Mónica Ferro sublinhou ainda que “todos os dias morrem 300 mulheres por causas ligadas à gravidez, ao parto e aos pós-parto. E que 99% dessas mortes acontecem no mundo em desenvolvimento.  E se nós sabemos como evitar estas mortes maternas o mundo não nos vai perdoar se não o fizermos”.

A verdade é que sabemos como as evitar, como bem frisou Jerker Liljestrand, responsável pelo programa de saúde materna, de recém-nascidos e de crianças da Fundação Bill&Melinda Gates. “Dispomos de armas para combater a mortalidade materna”, referiu o sueco, dando o exemplo de um equipamento que custa 4 dólares e que evita 97% das mortes devido a hemorragias pós-parto, uma das principais causas de morte.
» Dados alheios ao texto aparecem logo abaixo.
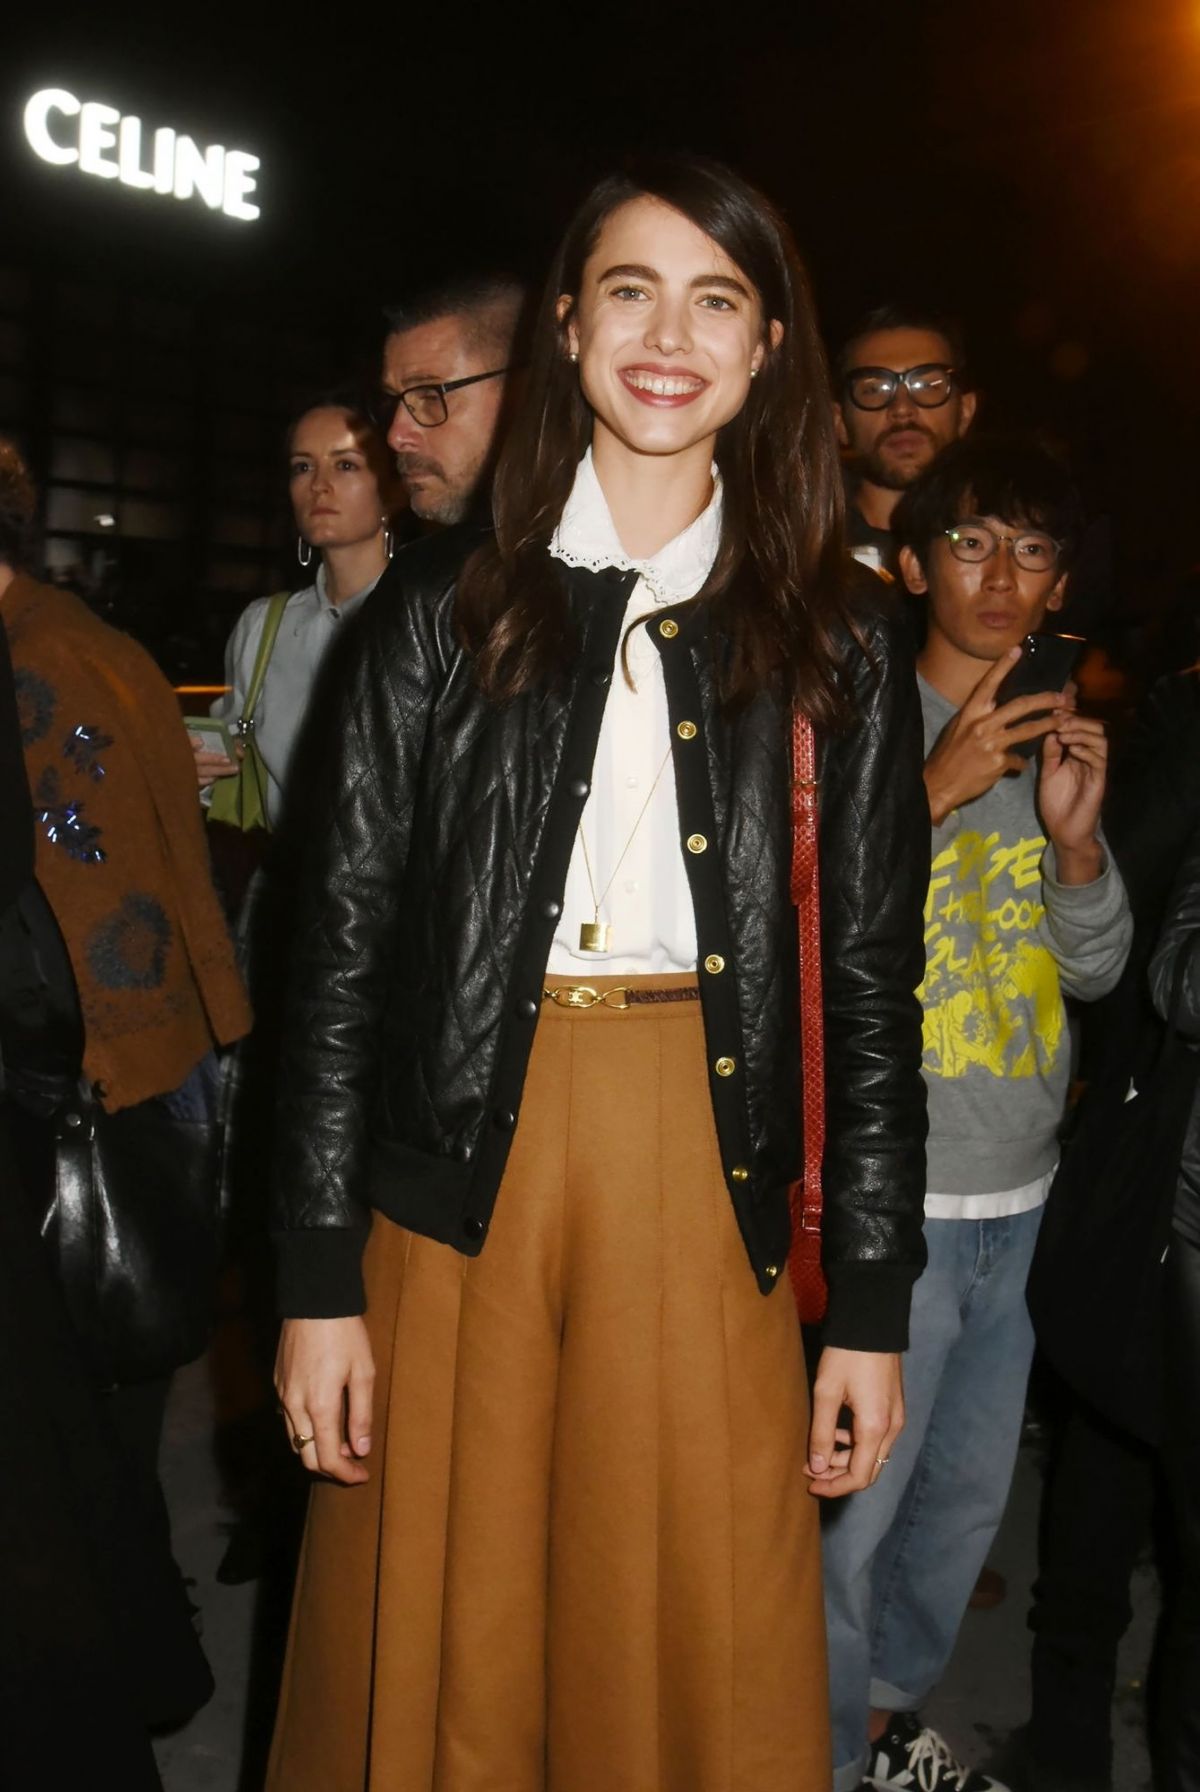 MARGARET QUALLEY at Celine Fashion Show at PFW in Paris 09/27/2019 ...
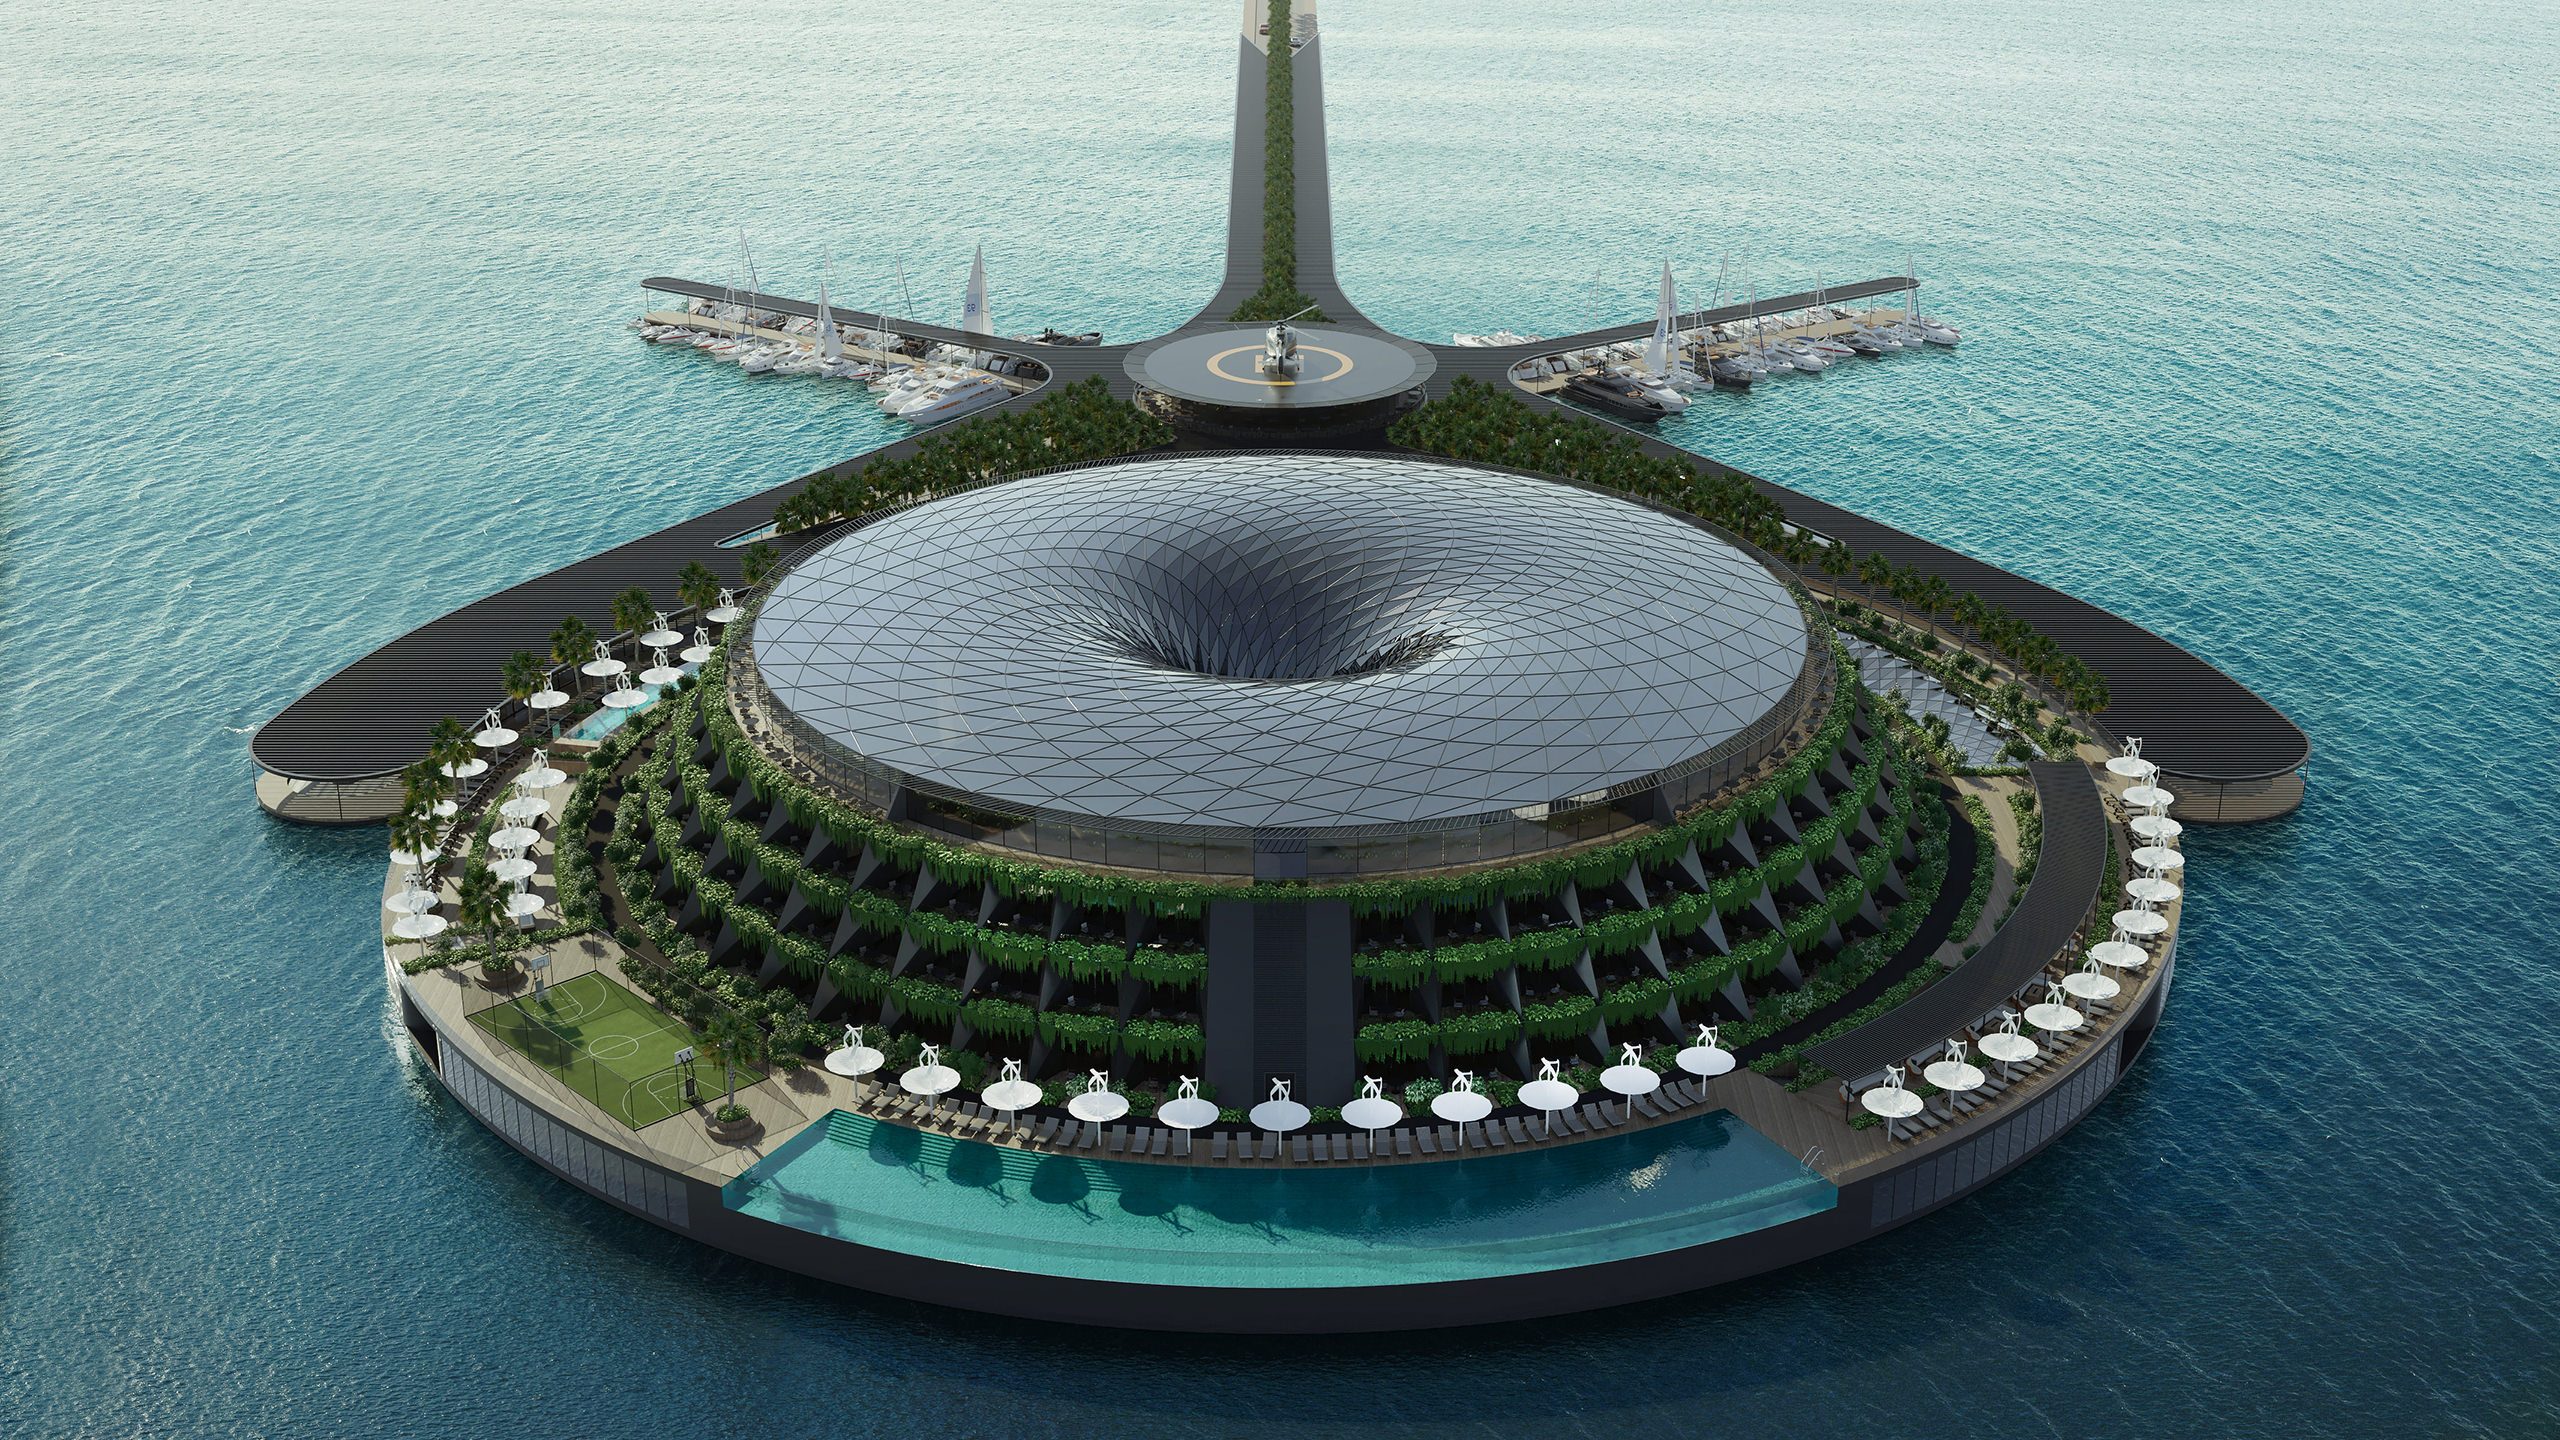 Qatar set for ‘rotating, eco-floating’ hotel by 2025

O ginecologista e obstetra que trabalhou em 30 países, incluindo Moçambique, destacou o impacto que a morte da mãe tem numa família, dizendo que “quando, dois anos depois de a mãe ter morrido, voltamos a uma família, vemos que esta desapareceu. A mortalidade dos filhos até aos 10 anos aumenta 80% com a morte da mãe”.

“Temos que salvar as mulheres da morte maternal”, considera o médico que esteve na OMS e no Banco Mundial. É que, afirmou, “as mulheres seguram metade do céu”.